──────── Supplied data ────────

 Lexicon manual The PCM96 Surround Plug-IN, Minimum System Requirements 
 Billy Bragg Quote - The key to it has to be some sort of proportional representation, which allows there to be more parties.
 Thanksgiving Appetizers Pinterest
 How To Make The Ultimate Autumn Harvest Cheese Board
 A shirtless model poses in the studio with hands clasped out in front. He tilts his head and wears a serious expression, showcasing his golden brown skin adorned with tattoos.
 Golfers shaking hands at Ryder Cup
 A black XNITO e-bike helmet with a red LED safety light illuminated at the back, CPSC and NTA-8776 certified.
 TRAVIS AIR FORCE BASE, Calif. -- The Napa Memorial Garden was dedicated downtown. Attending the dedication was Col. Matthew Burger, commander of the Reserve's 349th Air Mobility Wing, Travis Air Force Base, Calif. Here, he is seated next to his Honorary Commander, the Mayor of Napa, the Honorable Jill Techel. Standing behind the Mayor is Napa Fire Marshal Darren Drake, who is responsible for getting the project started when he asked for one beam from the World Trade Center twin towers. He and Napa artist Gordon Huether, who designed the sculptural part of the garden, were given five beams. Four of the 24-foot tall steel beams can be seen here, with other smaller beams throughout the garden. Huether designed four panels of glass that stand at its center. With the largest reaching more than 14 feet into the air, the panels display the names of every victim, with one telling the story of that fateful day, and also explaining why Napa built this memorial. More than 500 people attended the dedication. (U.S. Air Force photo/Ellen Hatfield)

────────

Identify each line in the records above that contains the word "hands", and copy it out in full.

 A shirtless model poses in the studio with hands clasped out in front. He tilts his head and wears a serious expression, showcasing his golden brown skin adorned with tattoos.
 Golfers shaking hands at Ryder Cup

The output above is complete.